Even a residual income analysis, standing alone, does not offer the necessary protection.
Even a residual income analysis, standing alone, does not offer the necessary protection. Fotolia

Many lenders touting so-called safe origination practices for loans made outside the legal safe harbor for "qualified mortgages" are relying upon practices that are simply insufficient to protect them legally.

Most are using approaches that focus upon one particular area of risk (ignoring the others). In some cases lenders are also using “safeguards” that regurgitate old protections that did not work before and will not work in the future. 

For instance, lenders relying upon 24 months of bank statements to verify income on a non QM loan may well be guarding against claims that the lender did not verify income. However, if the borrowers' true expenses are not accounted for, the income-based verification will not establish the ability to repay as it examines only one part of the equation.

Other lenders are using forms for borrowers to sign to certify the borrower’s ability to repay. Such disclosures are more of the same – documents that get added to the stack that borrowers have to sign to get the loan – and they suffer the same shortcomings that made them ineffective in the past.
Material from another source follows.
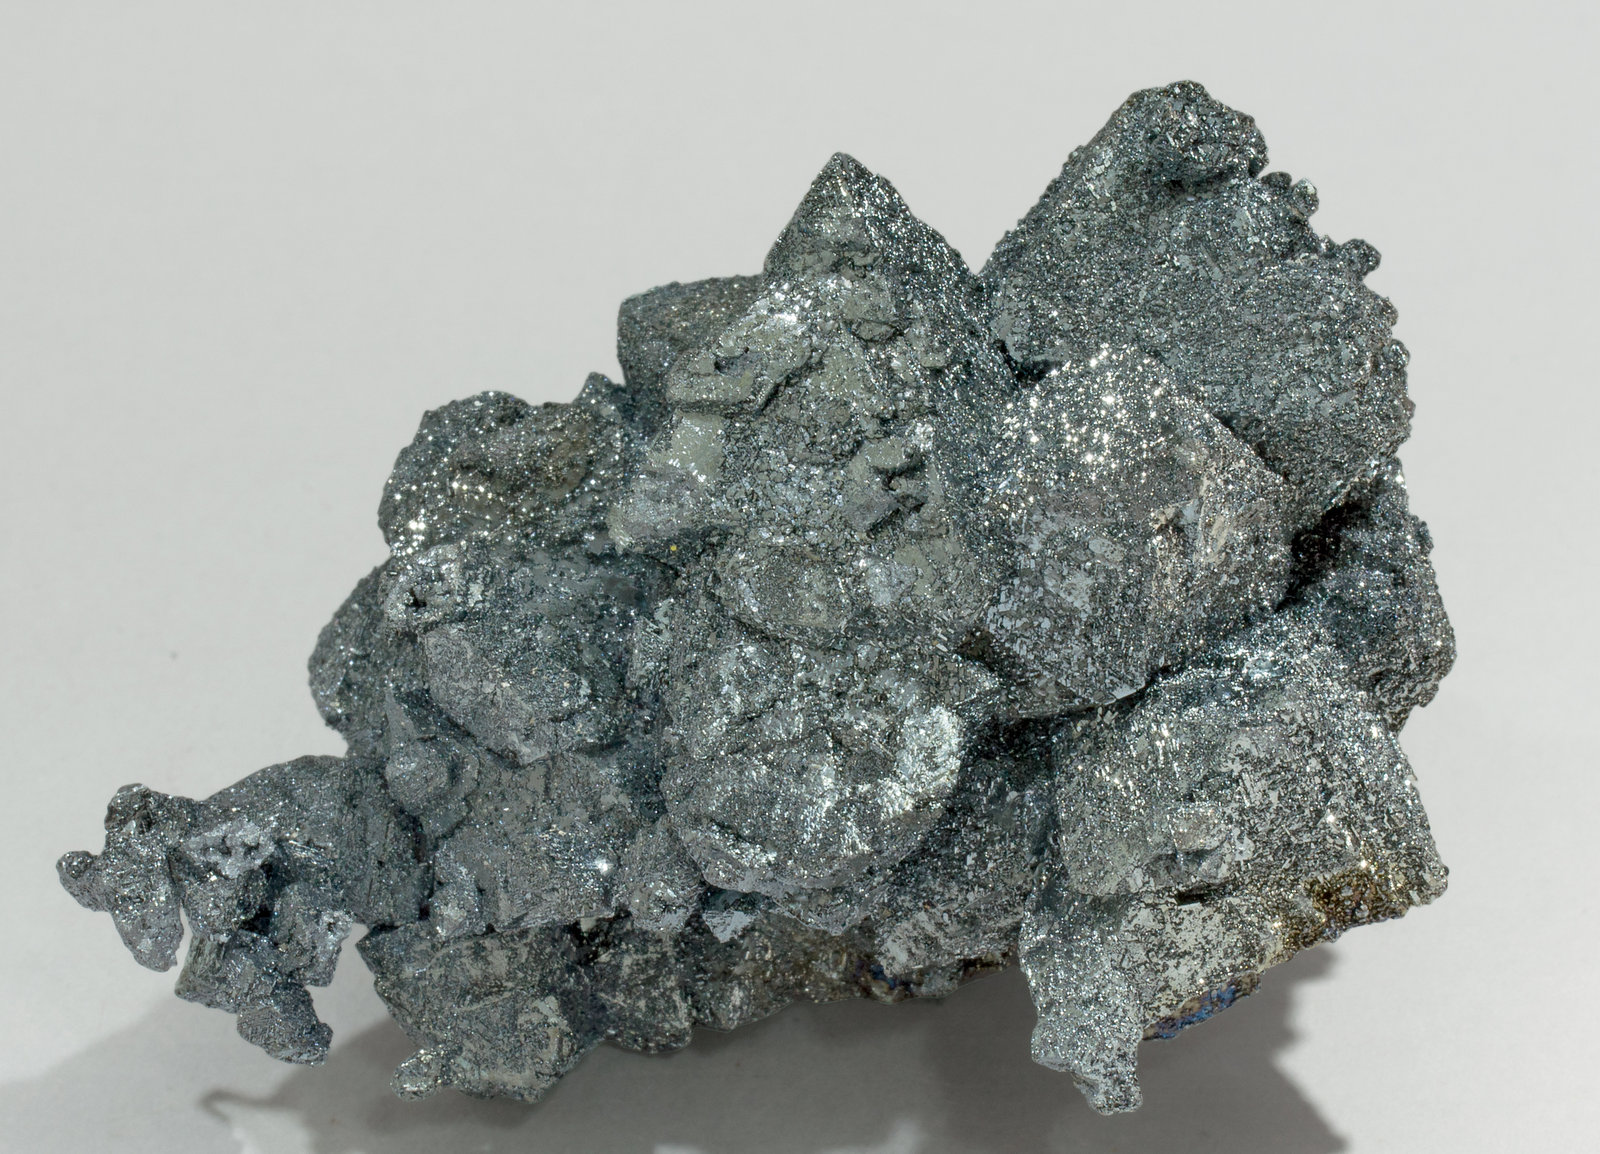 specimens/s_imagesZ1/Hematite-EY56Z1r.jpg
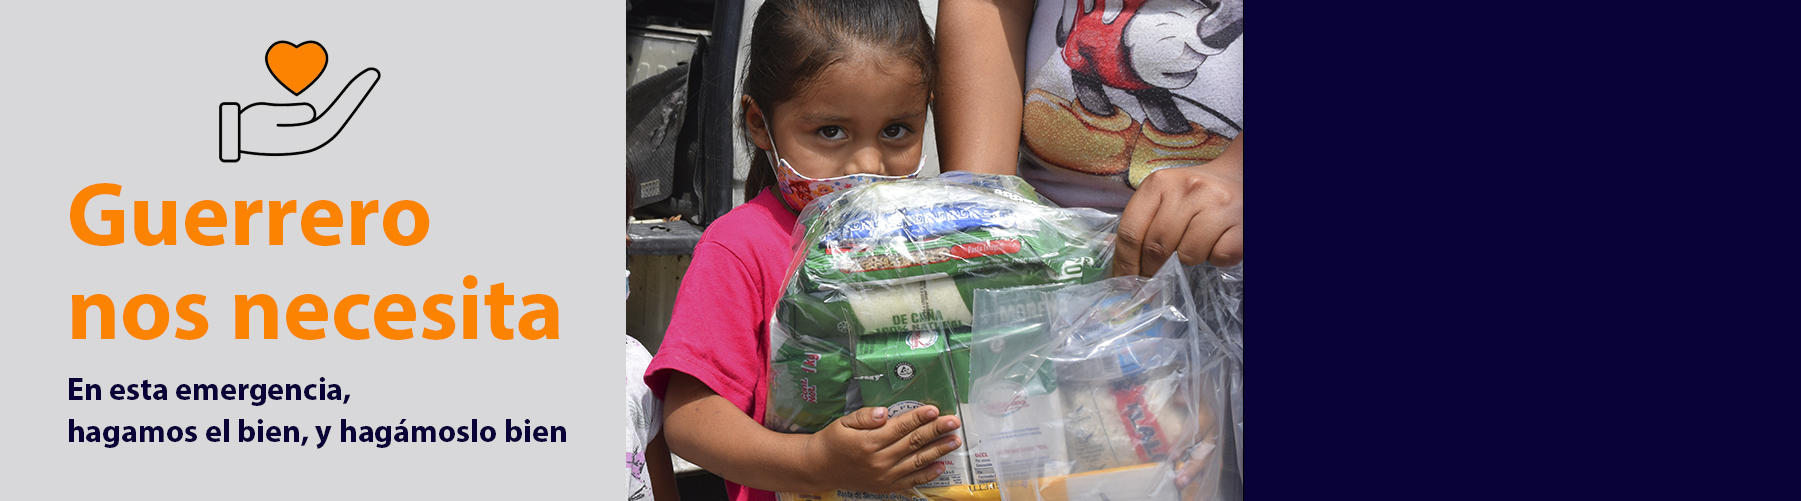 Conoce diversas formas de apoyar a la población afectada por el huracán Otis en Guerrero. #FuerzaMéxico #FuerzaGuerrero.

Even a residual income analysis, standing alone, does not offer the necessary protection. Such an analysis does not guard against the “I did not understand” or “they did not tell me” claims that would enable borrowers to back-door into a non QM-based defense.

Indeed, if a borrower claims the lender failed to explain a loan was adjustable or that the good faith estimate was filled out after they signed it, or that they were promised a refinance —all of these claims will allow a borrower to assert an ability to repay defense to a non QM loan as an alternative theory for a jury to consider. A jury that believes a borrower was misled will have little problem concluding that the lender lacked the requisite belief in the borrower’s ability to repay.

The bottom line is that in order to safely originate a non QM loan, a lender needs to develop procedures that better document the loan file, utilize third party or independent oversight, and address income/expenses in a common sense matter that allow average persons to recognize the lender was legitimately trying to make the right decision.

“Good faith" is not difficult to demonstrate as long as the procedures that lead to the decision are demonstrably above board and insulated from self-interest.